Sentenza Sentenza Cassazione Civile n. 36152 del 23/11/2021

Cassazione civile sez. trib., 23/11/2021, (ud. 08/09/2021, dep. 23/11/2021), n.36152

LA CORTE SUPREMA DI CASSAZIONE

SEZIONE TRIBUTARIA

Composta dagli Ill.mi Sigg.ri Magistrati:

Dott. STALLA Giacomo Maria – Presidente –

Dott. PAOLITTO Liberato – Consigliere –

Dott. MONDINI Antonio – Consigliere –

Dott. DELL’ORFANO Antonella – Consigliere –

Dott. CIRESE Marina – rel. Consigliere –

ha pronunciato la seguente:

ORDINANZA

sul ricorso 11629/2012 proposto da:

B.B.R., elettivamente domiciliata in Roma, Via

Quattro Fontane 20, C/o Studio Gianni Origoni Grippo Cappelli &

Partners, ed avvocato Fusillo Matteo che la rappresenta e difende;

– ricorrente –

contro

Agenzia Delle Entrate, in persona del Direttore pro tempore,

elettivamente domiciliata in Roma Via Dei Portoghesi 12, presso

l’Avvocatura Generale Dello Stato che la rappresenta e difende ex

lege;

– controricorrente –

avverso la sentenza n. 62/2/2011 della COMM. TRIB. REG. LAZIO,

depositata il 22/03/2011;

udita la relazione della causa svolta nella Camera di consiglio del

08/09/2021 dal consigliere Dott. CIRESE MARINA.

 

Fatto

FATTI DI CAUSA

B.B.R. proponeva ricorso per cassazione articolato in tre motivi avverso la sentenza della CTR del Lazio in epigrafe indicata, avente ad oggetto la cartella di pagamento notificatale in data 15.12.2007 emessa a seguito di controllo automatizzato D.P.R. n. 600 del 1973, ex art. 36-bis, riguardante l’IRAP dichiarata e non versata per il 2004 oltre sanzioni ed interessi.

L’Agenzia delle Entrate resisteva con controricorso.

L’Agenzia delle Entrate in data 15.7.2021 ha depositato memoria con la quale ha chiesto pronunciarsi l’estinzione del giudizio per cessazione della materia del contendere atteso che la Direzione provinciale di Roma ha comunicato che il contribuente ha presentato domanda di definizione agevolata della controversia tributaria ai sensi del D.L. n. 119 del 2018, art. 6, in relazione alla cartella per cui è causa e che ha altresì provveduto al pagamento previsto per la definizione.

Diritto

RAGIONI DELLA DECISIONE

la ricorrente ha erroneamente indicato il D.L. n. 118 del 2019, art. 6, invece che il D.L. n. 193 del 2016, di rottamazione cartelle.

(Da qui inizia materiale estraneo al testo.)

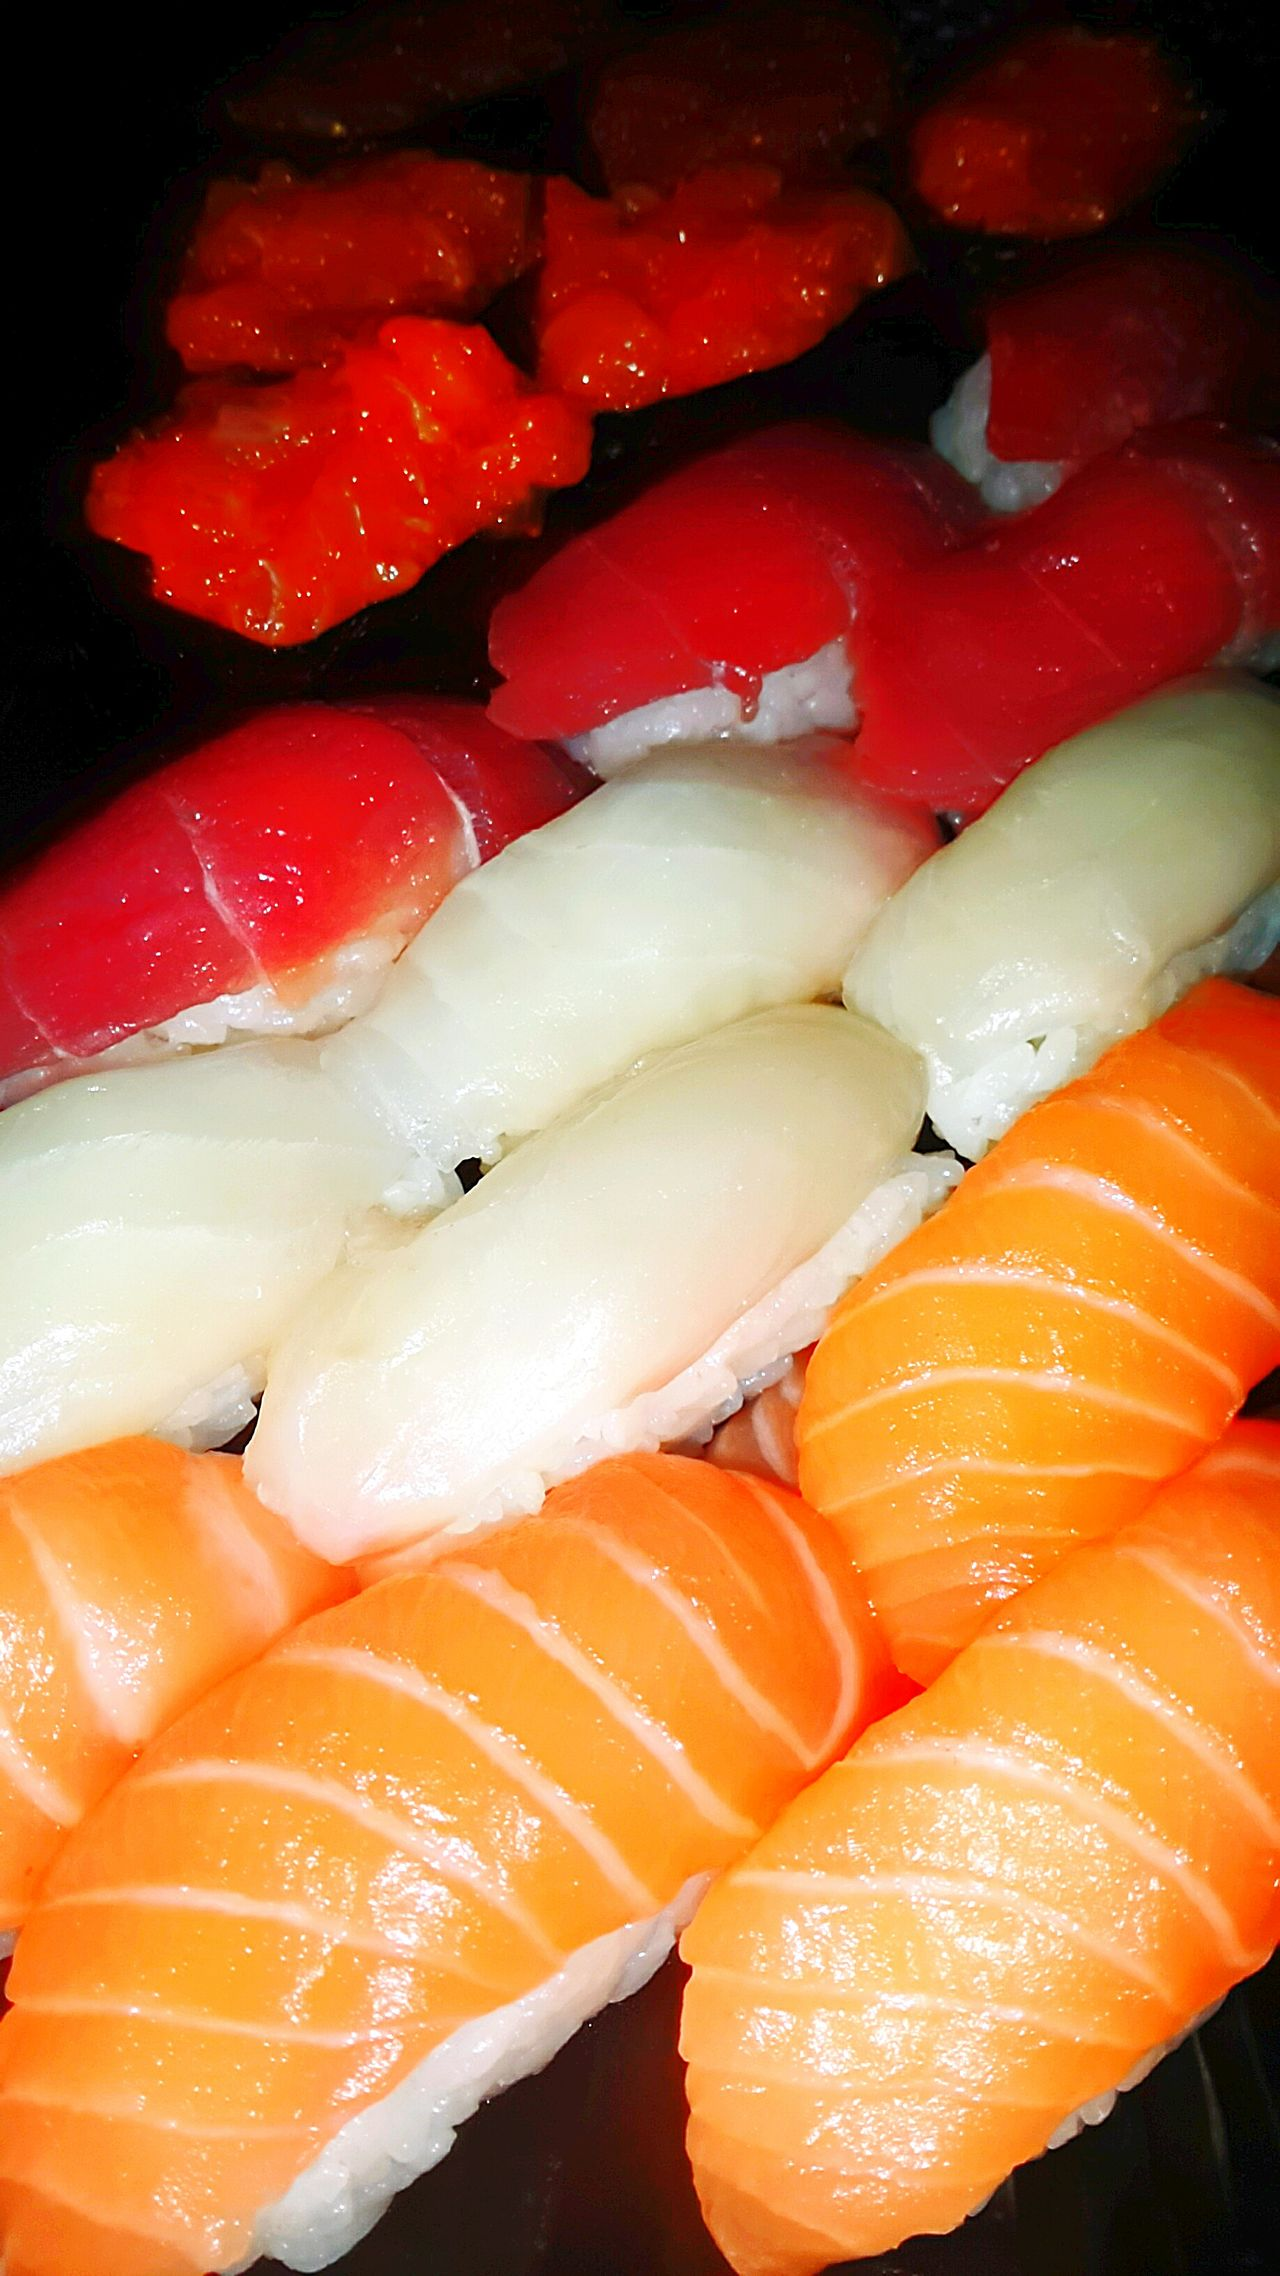 No People Close-up Sushi Restaurant Sashimi Dinner Sushitime Sushi Rolls Sushilover Sushi Time SushiBar Sashimi Dish Sushi Love Sushitei Sushilove Sashimilovers Sashimi Bowl Sashimi Top Sashimi Platter Sashimi Lunch Sashimi Special Japanesefood Multi Colored Gourmet Ready-to-eat Freshness Food And Drink
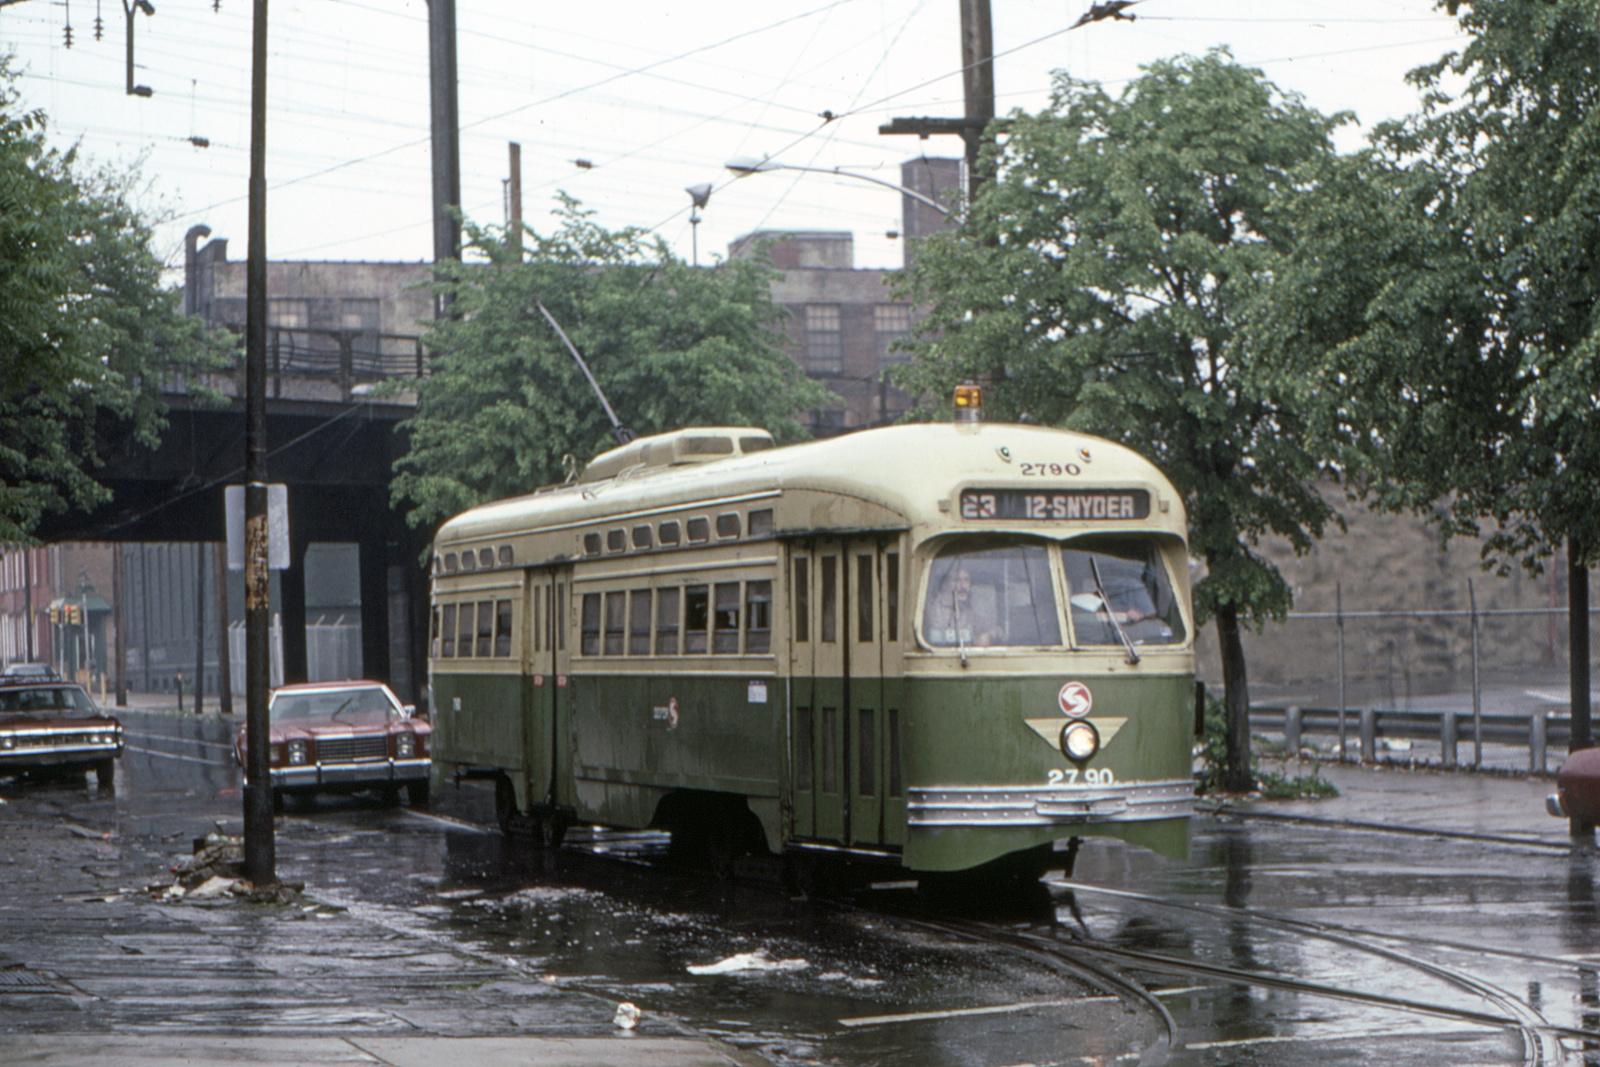 (734k, 1600x1067)<br><b>Country:</b> United States<br><b>City:</b> Philadelphia, PA<br><b>System:</b> SEPTA (or Predecessor)<br><b>Line:</b> Rt. 23-Germantown<br><b>Location:</b> 11th/Susquehanna<br><b>Car:</b> PTC/SEPTA Postwar All-electric PCC (St.Louis, 1947) 2790 <br><b>Collection of:</b> David Pirmann<br><b>Date:</b> 7/1983<br><b>Viewed (this week/total):</b> 1 / 113

Ciò premesso, come si evince dalla documentazione in atti, la contribuente ha aderito alla definizione agevolata dei carichi affidati agli agenti della riscossione (c.d. “rottamazione cartelle”), di cui al D.L. 22 ottobre 2016, n. 193, art. 6, convertito in L. 1 dicembre 2016, n. 225, depositando anche la documentazione attestante l’integrale pagamento del dovuto;

– che pertanto sussistono le condizioni per la dichiarazione di estinzione del giudizio;

– che le spese del giudizio di legittimità possono essere compensate tra le parti, trattandosi di causa estintiva della lite determinata dall’adesione alla definizione agevolata di cui al D.L. n. 193 del 2016, ridetto e che non sussistono i presupposti per imporre alla ricorrente il pagamento del c.d. “doppio contributo”, (cfr. Sez. 6 – Ordinanza n. 23175 del 12/11/2015).

P.Q.M.

La Corte dichiara estinto il giudizio. Spese compensate.

Così deciso in Roma, nella adunanza camerale, effettuata da remoto, il 8 settembre 2021.